WHAT YOU HAVE TO DO:
A line below contains "GE JBP45, JBP46, JBP47", and a later one contains "University of Louisville". Repeat both, with every line between them, exactly.

INFORMATION SUPPLIED:
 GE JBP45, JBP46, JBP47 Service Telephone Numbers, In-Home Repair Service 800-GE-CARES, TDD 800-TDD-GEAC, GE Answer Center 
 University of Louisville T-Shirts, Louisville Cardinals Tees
==
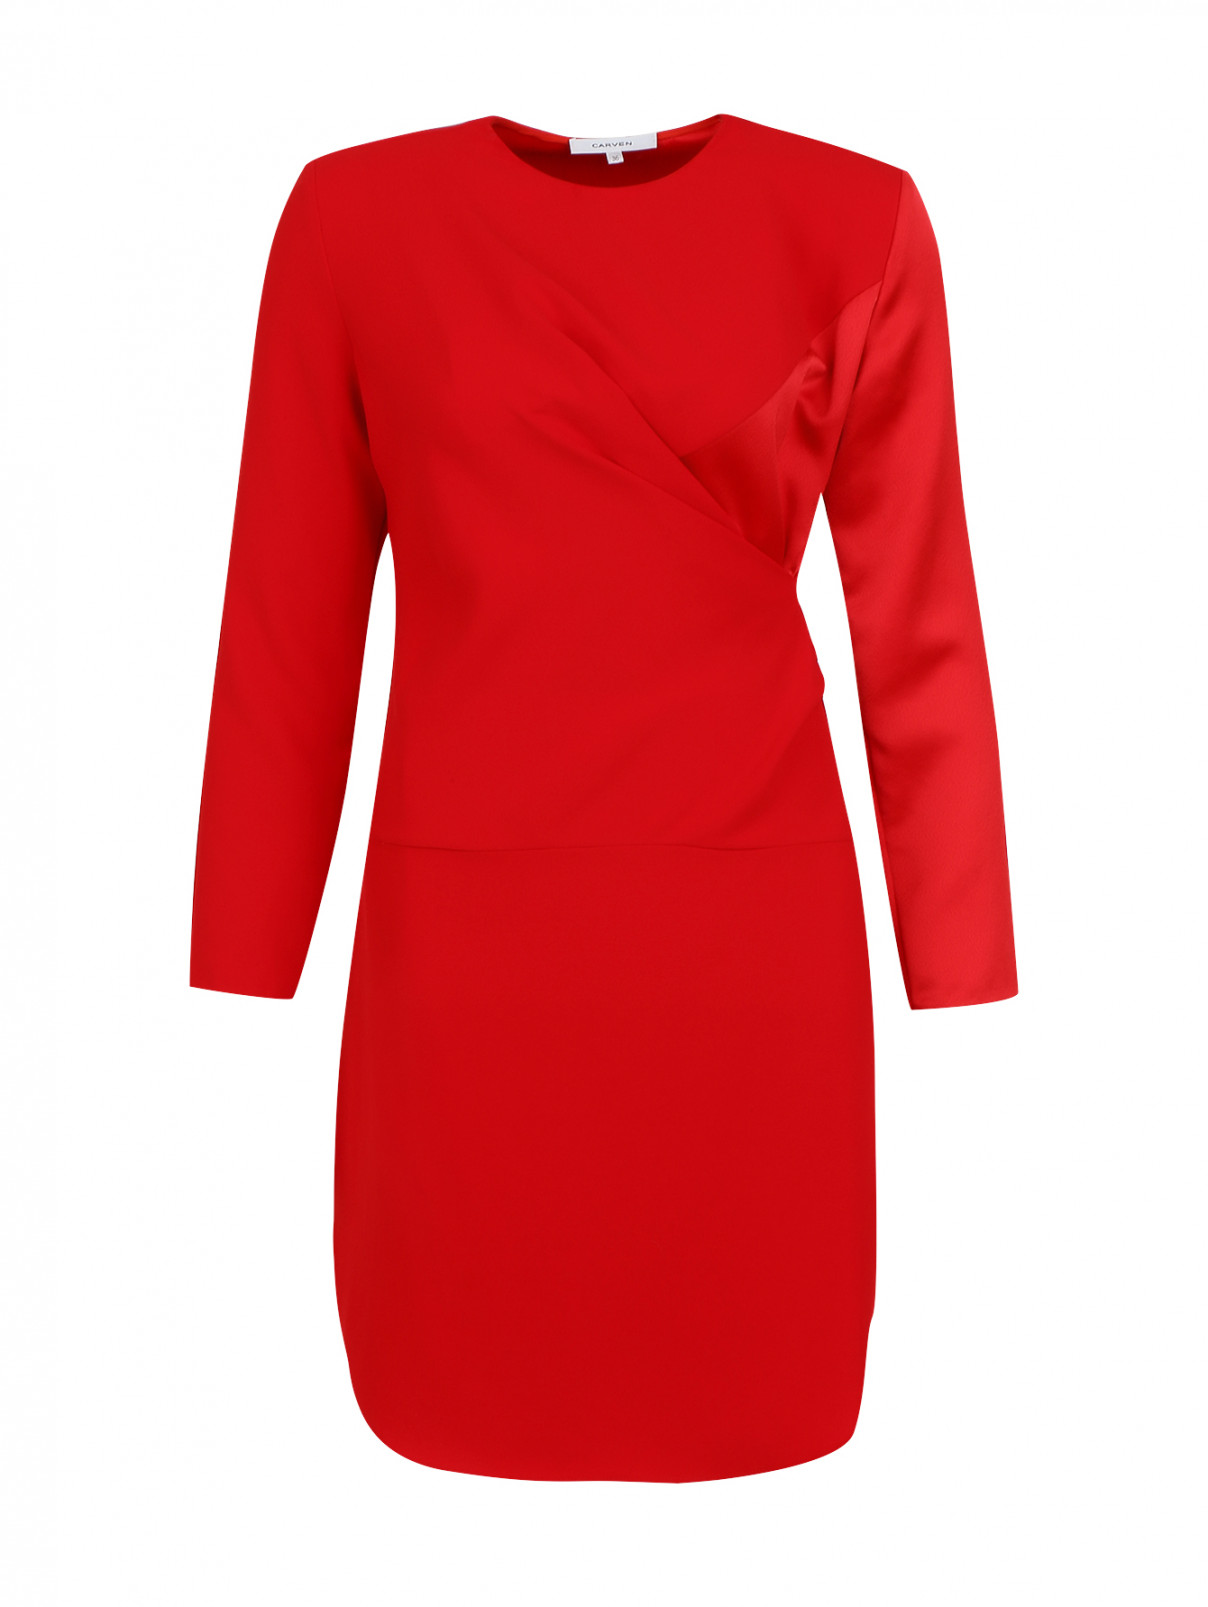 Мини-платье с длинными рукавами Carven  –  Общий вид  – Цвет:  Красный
...
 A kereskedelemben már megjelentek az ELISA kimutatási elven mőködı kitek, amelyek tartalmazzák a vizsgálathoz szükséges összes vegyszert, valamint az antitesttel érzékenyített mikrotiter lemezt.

ANSWER AREA:
 GE JBP45, JBP46, JBP47 Service Telephone Numbers, In-Home Repair Service 800-GE-CARES, TDD 800-TDD-GEAC, GE Answer Center 
 University of Louisville T-Shirts, Louisville Cardinals Tees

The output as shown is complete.